I have a data-frame like this:
ID Time Testscore
20 2 300
20 1 350
20 3 -150
30 2 200
30 1 100
40 1 300
40 2 NA
Three questions:
- How can I calculate the difference between last score and first score grouped by ID and Time whereas the last time is the bigger number (some with more repeated measures than other)

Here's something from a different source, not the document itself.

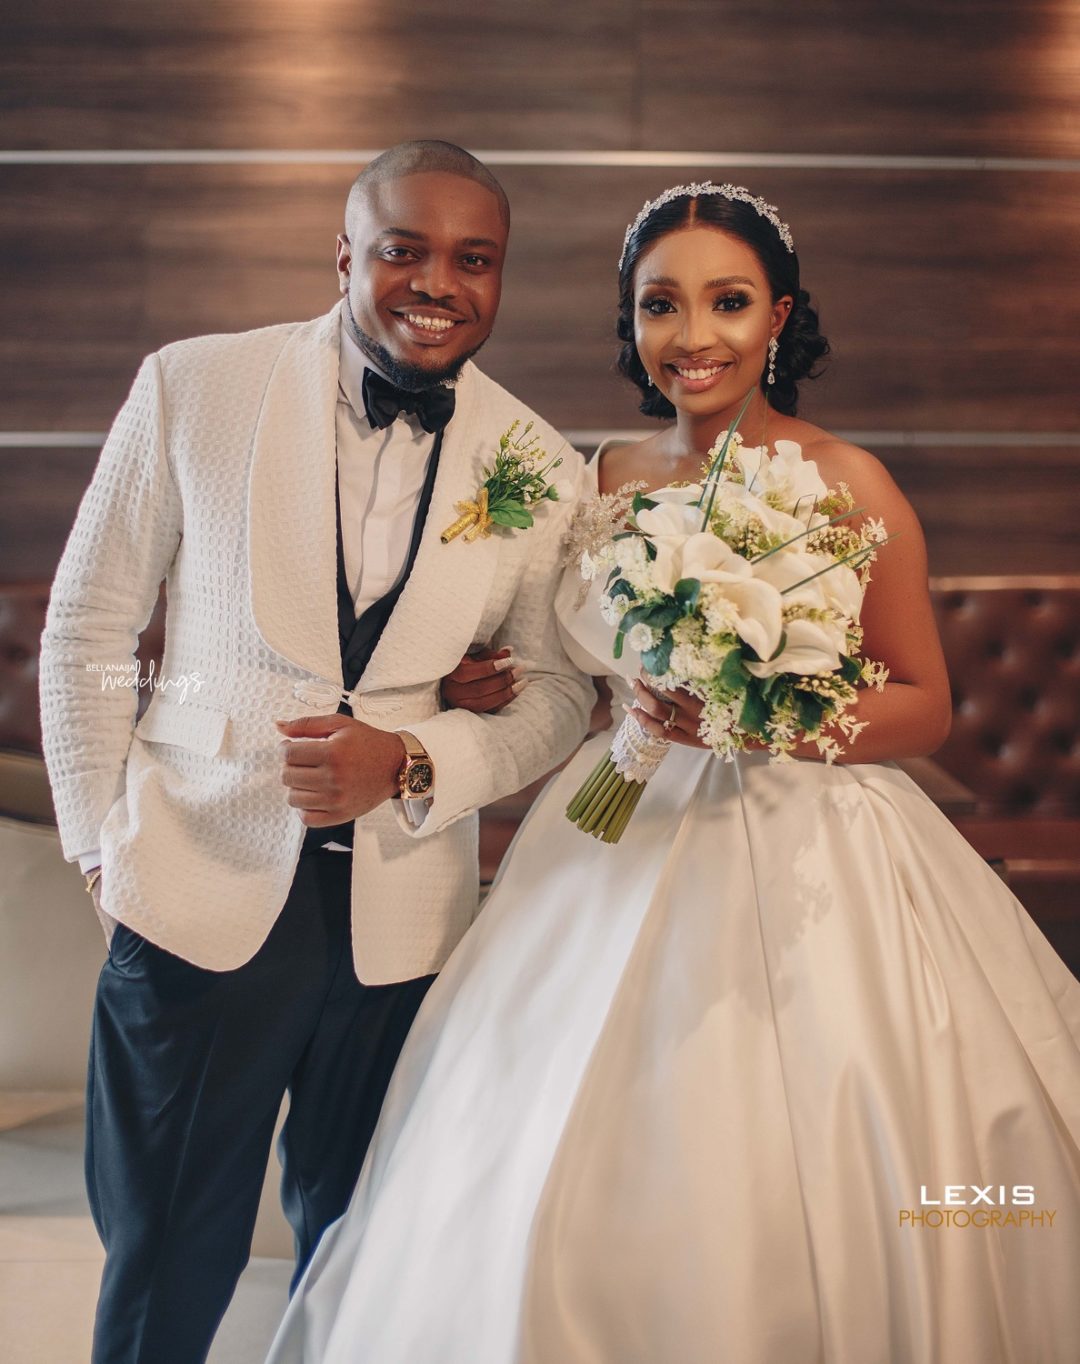 The #AJxperience White Wedding had Us Smiling from Ear to Ear

- How to deal with NA in calculation
- Is there a way to arrange the Time varible in ascending ordered and keep the ID grouped up?
Thanks for the help.
CodePudding user response:
Using tapply
with(dat, tapply(Testscore, ID, \(x) x[length(x)] - x[1]))
# 20 30 40
# -450 -100 NA
or ave.
transform(dat, d=ave(Testscore, ID, FUN=\(x) x[length(x)] - x[1]))
# ID Time Testscore d
# 1 20 2 300 -450
# 2 20 1 350 -450
# 3 20 3 -150 -450
# 4 30 2 200 -100
# 5 30 1 100 -100
# 6 40 1 300 NA
# 7 40 2 NA NA
Here by ID and Time, but doesn't make much sense with your sample data.
with(dat, tapply(Testscore, list(ID, Time), \(x) x[length(x)] - x[1]))

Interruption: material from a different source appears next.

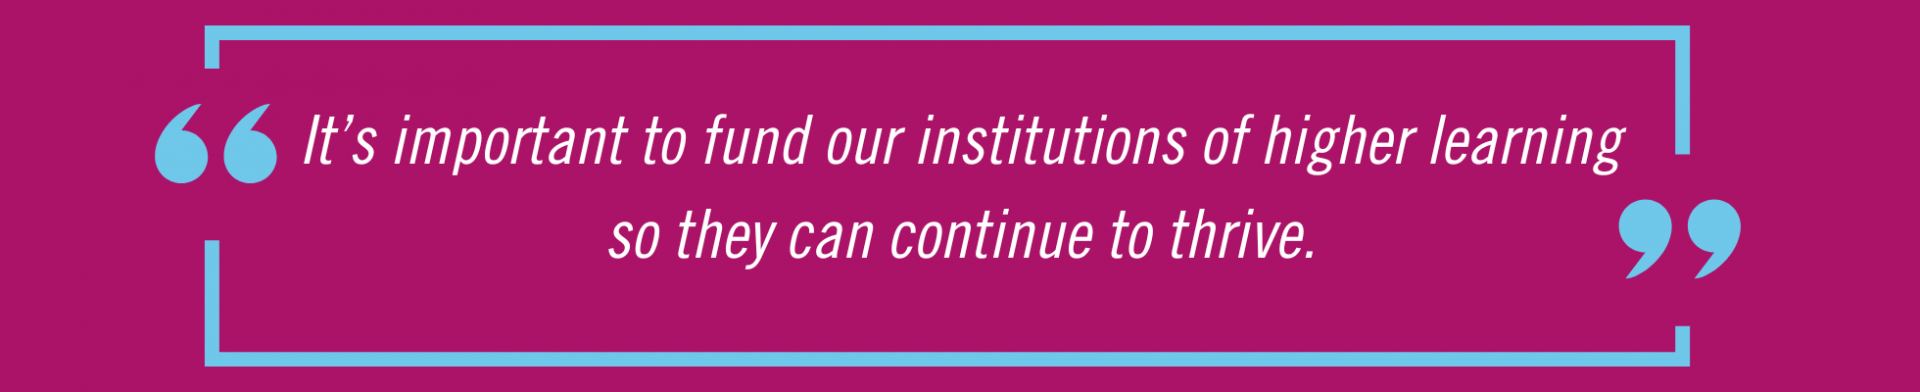 Hugh Hibbert quote: It’s important to fund our institutions of higher learning so they can continue to thrive.

transform(dat, d=ave(Testscore, ID, Time, FUN=\(x) x[length(x)] - x[1]))
CodePudding user response:
Using dplyr:
df %>%
arrange(ID, Time) %>%
group_by(ID) %>%
mutate(Diff = last(Testscore) - first(Testscore))
# A tibble: 7 × 4
# Groups: ID [3]
# ID Time Testscore Diff
# <dbl> <dbl> <dbl> <dbl>
# 1 20 1 350 -500
# 2 20 2 300 -500
# 3 20 3 -150 -500
# 4 30 1 100 100
# 5 30 2 200 100
# 6 40 1 300 NA
# 7 40 2 NA NA
CodePudding user response:
Sorting dataframe rows is usually done with the order function.

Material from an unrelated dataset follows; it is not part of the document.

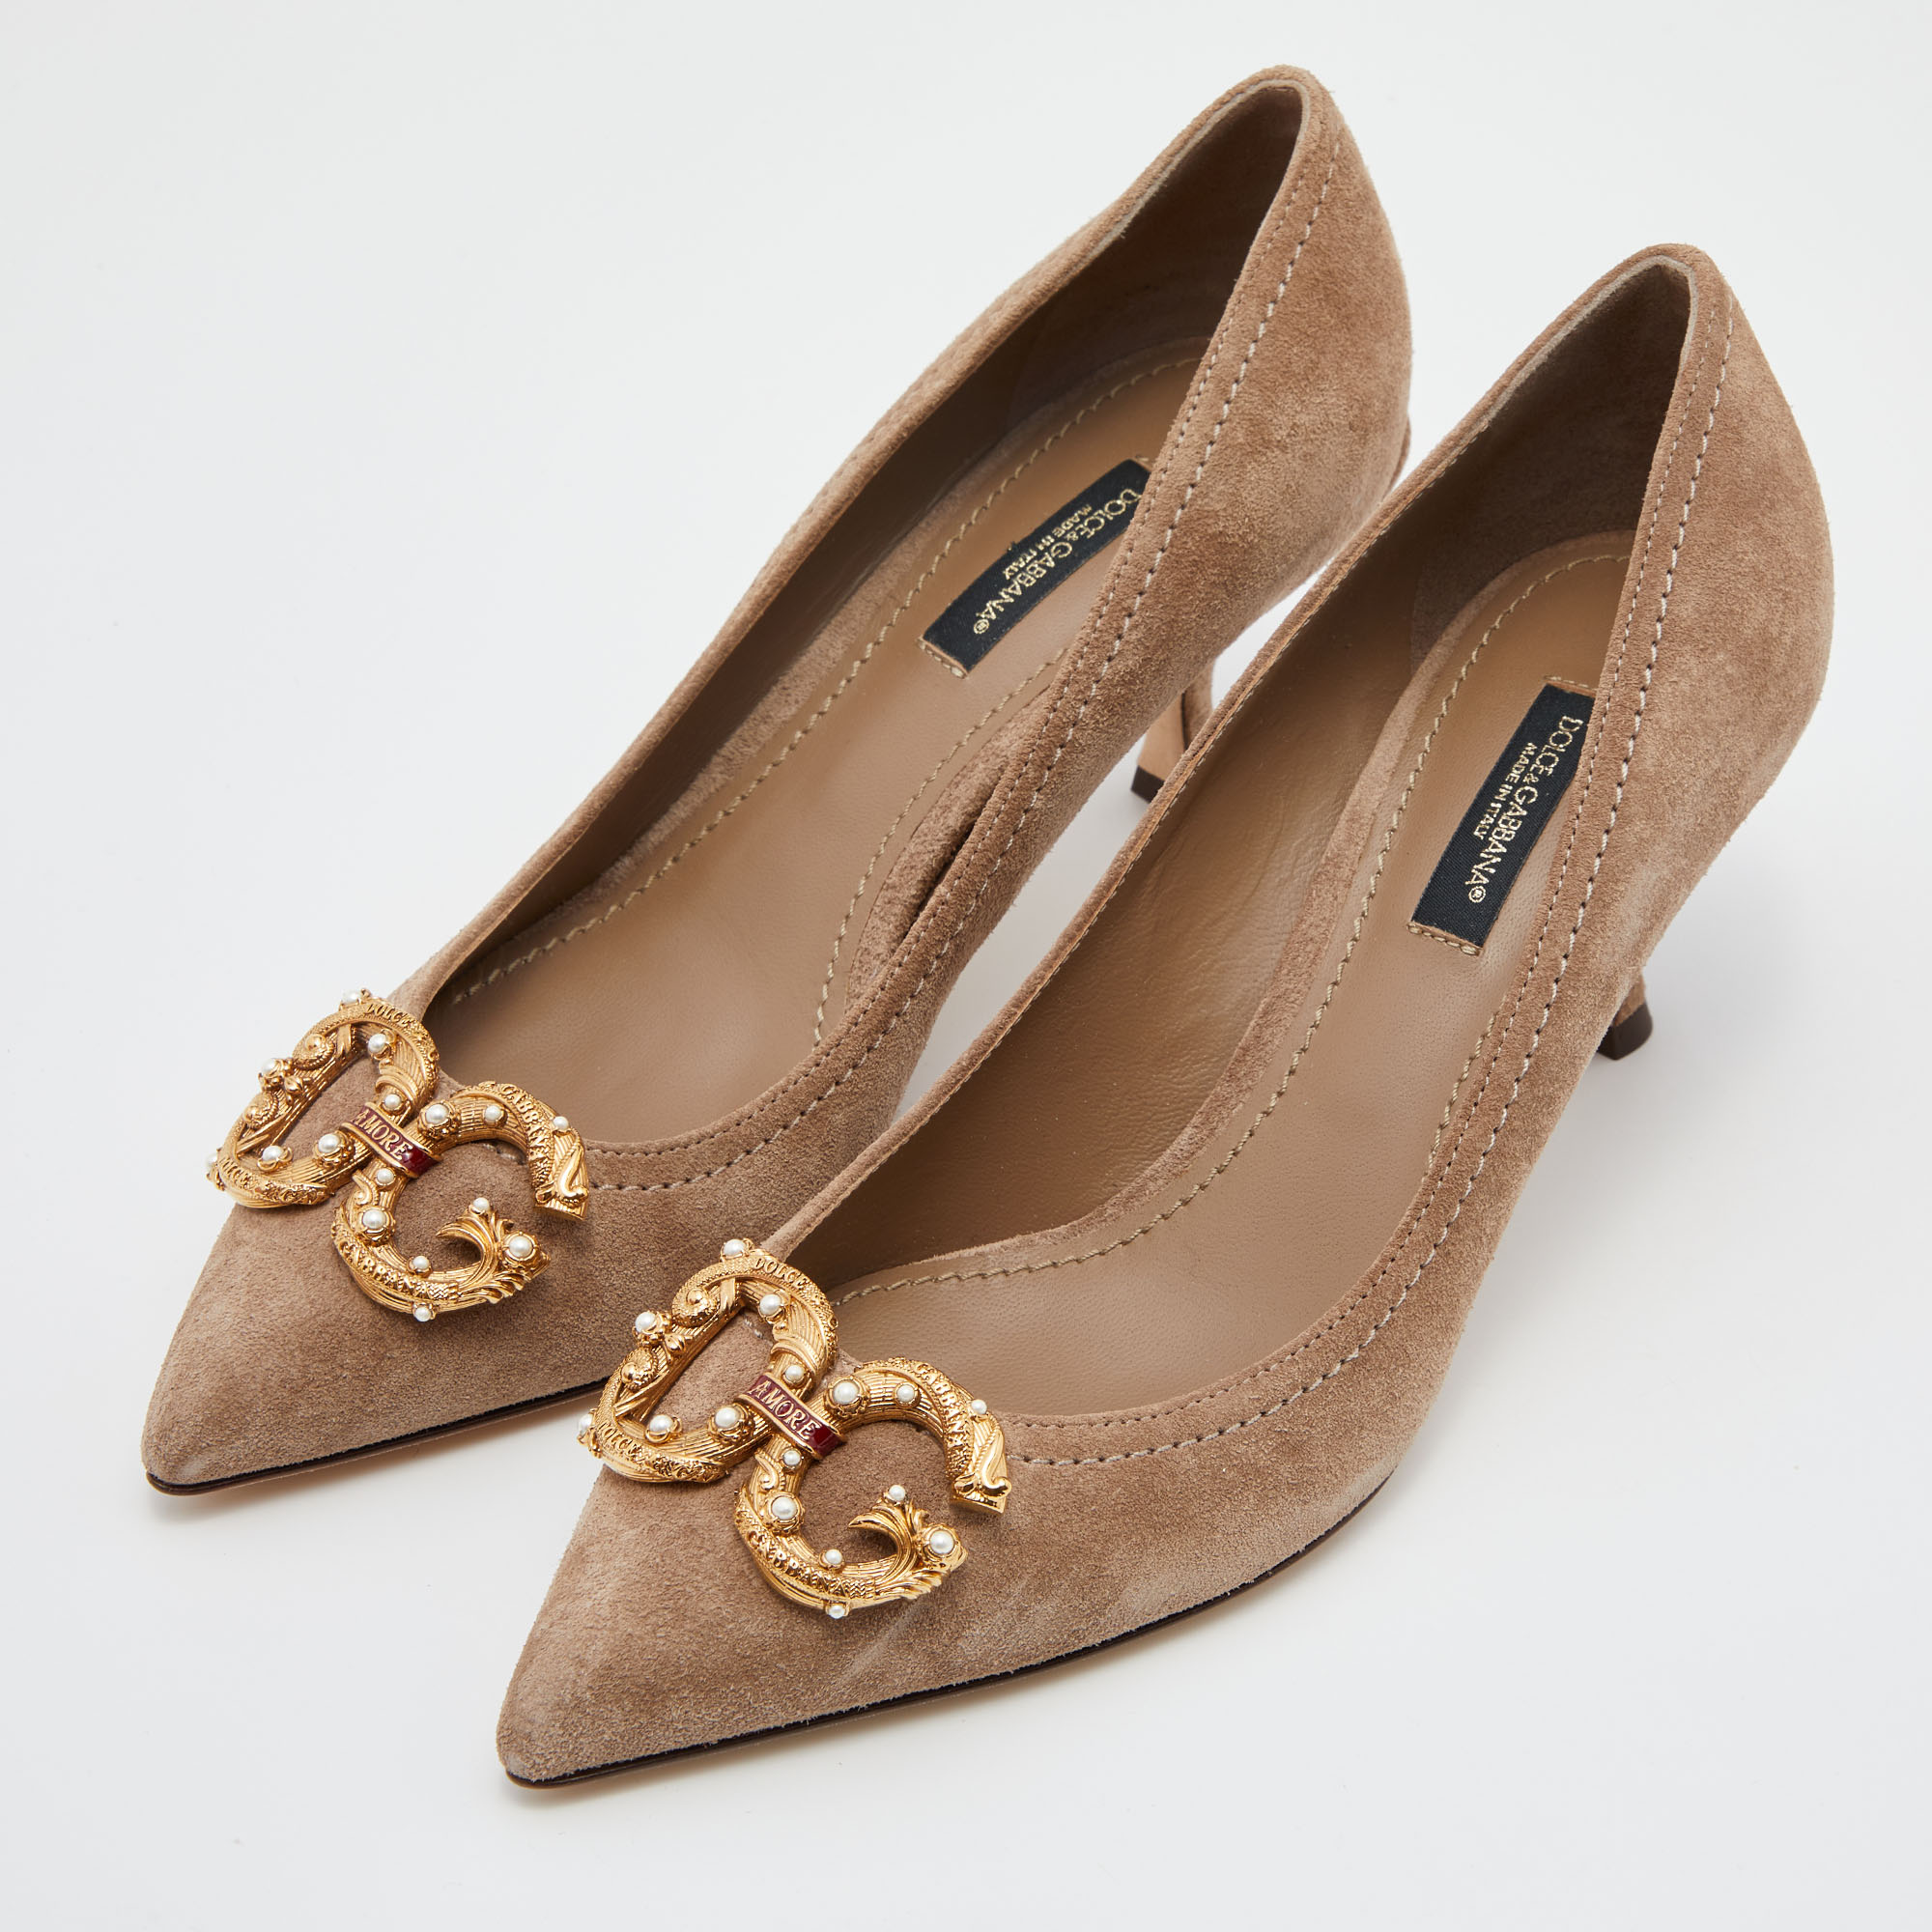 

Dolce & Gabbana Light Brown Suede DG Amore Pointed Toe Pumps Size

dfrm <- dfrm[ order(dfrm$ID, dfrm$Time) , ]
Then you can use split in traditional R or group_by in the tidyverse to separately handle the difference calculations.
diffs <- sapply( split(dfrm, dfrm$ID), function(grp){
grp[ max(grp$Time, na.rm=TRUE), "Testscore"] -
grp[ min(grp$Time, na.rm=TRUE), "Testscore"] }
diffs
#---------------
20 30 40
-500 100 NA
I didn't see a request to put these differences along side the dataframe.